In recent times,we have several writers, writing upon personal motivation, growth, learning etc. but would like to simply ask them as to what solution would they provide to such an individual. Which motivational theory would do to them at the hour of the need because everybody on the earthknows what is right and what is wrong, but, even then, works as per the situation in demand.

I would like to ask that at the time when things were in proper place the person is witty, vivacious, outspoken, but with the sudden change what should be the behavior one would like to see? How much is it relevant to expect the same from him when he himself is not in good mental health & also the story goes into the fashion that because he has been hurt of external factors, so nobody can help him too. But would expect or rather desire to see him as to what he was previously.

Now what is your say to it....He is guilty because he is not able to compromise as per the new situation or the fault lies in his brains that he is not able to cope up as quickly as the third person???

Tuesday, December 22, 2009

I M Hunting 4 patience 2 step in my Life


Today when i was sitting i was wondering when was it the last time i laughed to my fullest. I tried to figure out as to what is that which is hurting me so badly. why is it that i am not able to find my ownself. This is not me. i was never like this. All sad and worn out. There was a time when i was filled in with wittiness. I could make not just myself but also people laugh with me. and i used to cherish those moments. we used to giggle around, have fun and even make fun of others. But it appears as if it has been years since i am thinking about.

is it that i have started taking myself so seriously or is that i have stated taking life so seriously. M not sure as to whether either of the cases is true and has taken away my liveliness from me.

in this sudden years of recession God has blessed me with a cherished job. I have a darling fiance who loves me truly and so do I. But still somewhere i m pained. I have even realised that.

things even worsened up past two days. I joined herein as a Management trainee and was with a department for two months wherein i was into shifts. They gave me an option of switching to other department to which i got agreed. For another 5 months i was in different department, the one with which i am still continuing with. The sad story being we were 6 wen we stepped in out of those they confirmed 3 and for 3 they extended it for further 4 months.
Saddest part being that i am the one who are extended. the worst part of the same being that it was because of a bad remark by sm1 that i didnot get confirmed. The higher authorities didnot consult my current senior officals and made the decision based on the one with whon i have worked for 14 morning days. I am hurt and pained.

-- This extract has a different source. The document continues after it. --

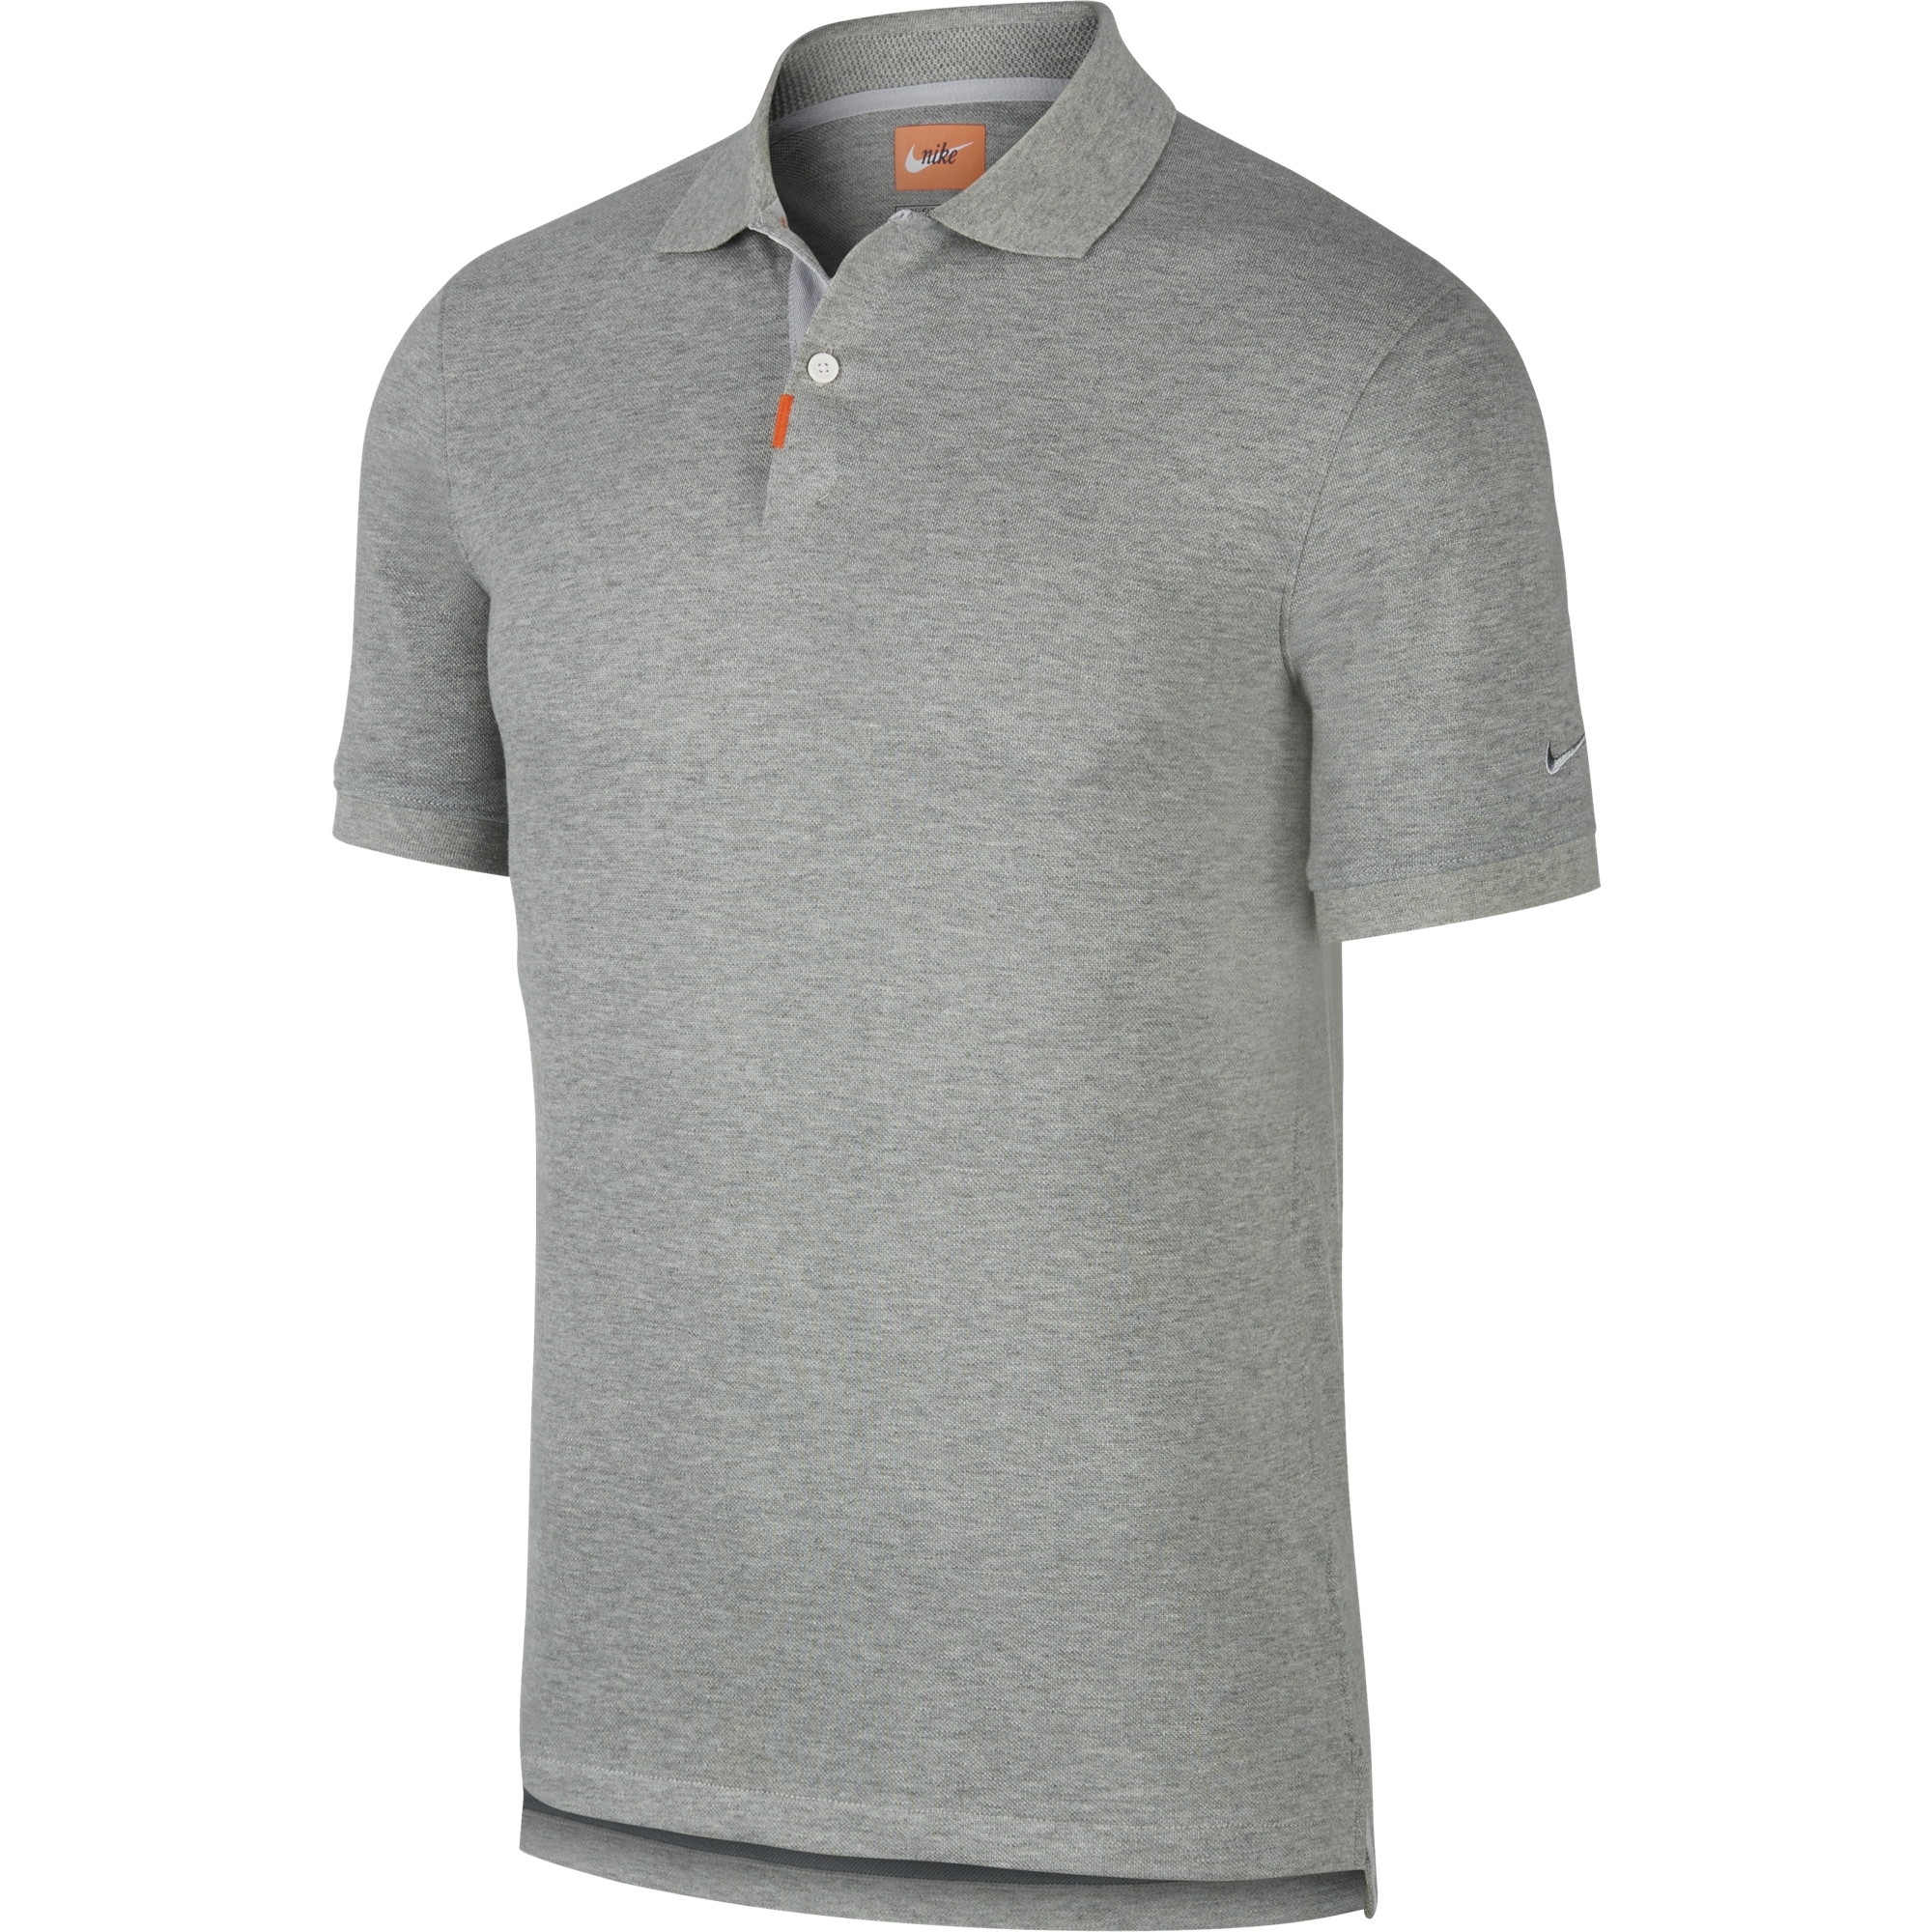 Nike Mens Dri Fit Slim Fit Breathable Golf Polo Shirt L- Chest 41-44

The story went even more sad when my senoior most current official of my department said that he would be helping me in the same, but the official in lower position than him need proper confirmation as to whether i am meant for his department or not.
If yes, he would help me in different fashion and if no, then in different. His words to me were i should decide as to whether live in the organization or to resign from the organization.


I dont understand as to why he is behind me in leaving the organization. It just been 8 moths of my carrer life and i am facing all these stuff. My heart is pained. i did whatever was required and still i am hearing all these words.

I dont know what to do. How to go about the things. My brains are not working properly. The rest two are calm and quiet.

Should thios me my fashion too to proceed ahead?